You must be prepared to document and prove the specific methodology used to derive your individual appraisal adjustments. Claiming adjustments derived based upon “appraiser experience”, or “market estimate” will certainly be challenged.  Citing market participants and agents is usually acceptable, provided you maintain work files with the specific names and numbers of the individuals being cited. NEVER cite paired sales analysis unless you have the specific data in your files to back them up!

Publication 561 does not specifically point out or emphasize that the Fair market Value (FMV) definition to be used is only the one cited in the code section for this specific purpose purpose (non cash charitable donations). Refer to the ‘Value Definitions’ page within this site.

Fully fifty percent ‘plus’ of the appraisals that I reviewed, while with the IRS Large Business & International Division (LB&I), incorrectly used the traditional FNMA definition of market value instead of fair market value (FMV).  Several used the generic AICPA definition, or FMV as defined in other unrelated Treasury Regulations definitions & sections.

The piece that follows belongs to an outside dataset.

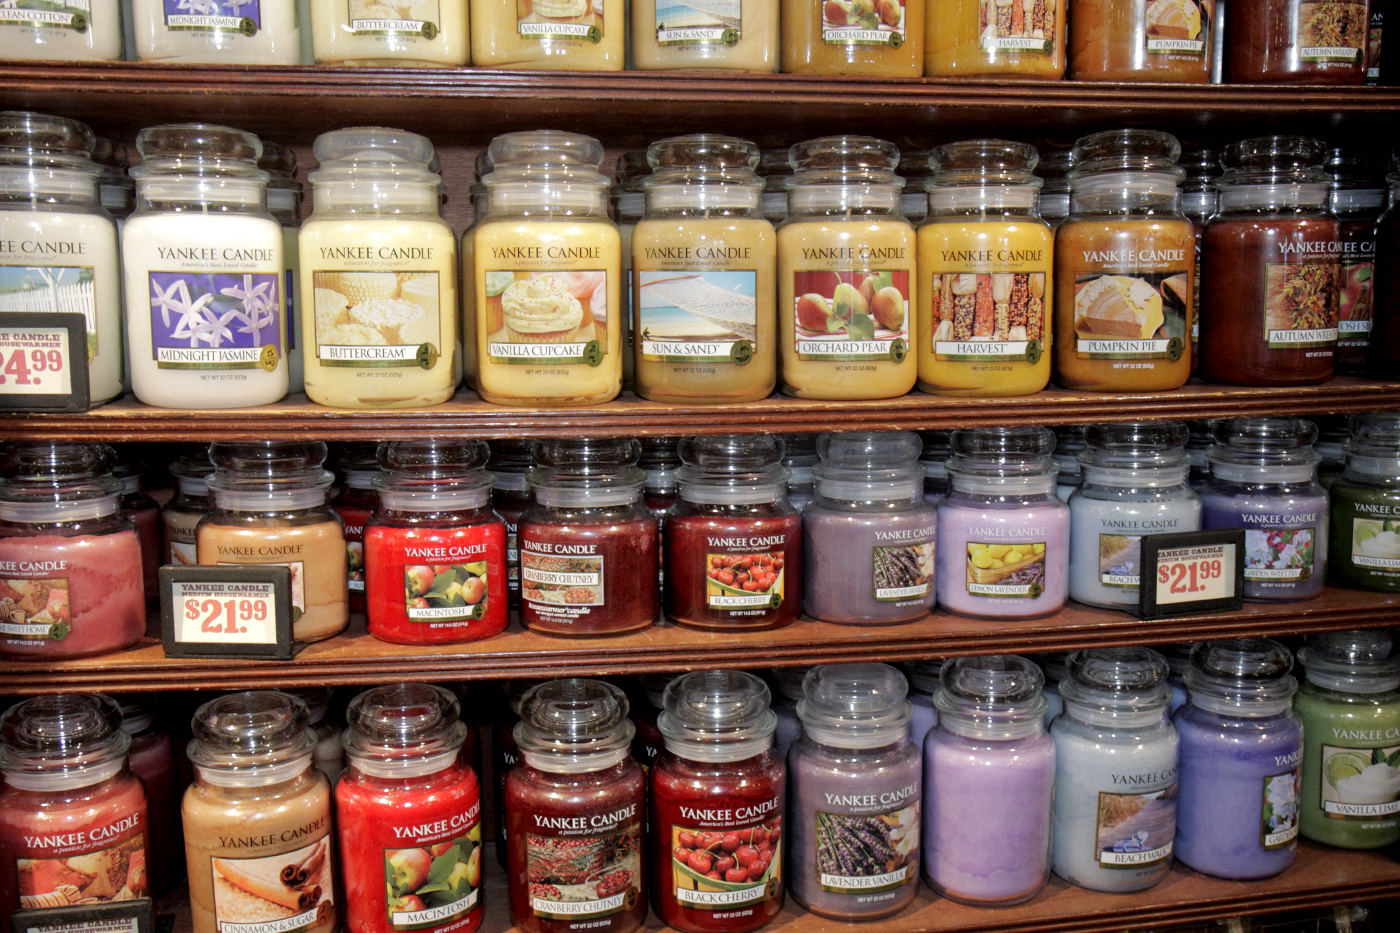 What Yankee Candle Reviews Reveal About COVID-19 Trends

I was clear from reviewing residential, commercial, industrial and land valuations that many of the appraisers / valuators did few, if any, previous appraisals for IRS related purposes.

All readers are urged to resist the temptation to select your appraiser(s) based on the lowest fee quotes, and especially, upon the fastest promised completion time. They will be opposed by expert IRS appraisers who consistently rank in the top 2% to 3% of General Certified Real Estate Appraisers both nationally and regionally.  These same appraisers will typically have from six to twelve months to research the issue and prepare their reports.  If the amounts involved warrant, then twelve to eighteen months, and outside experts may be involved.

Can you really afford to defend against this kind of expertise, and all the resources available to federal agencies, with a “bargain appraisal” that was also performed in a hurry?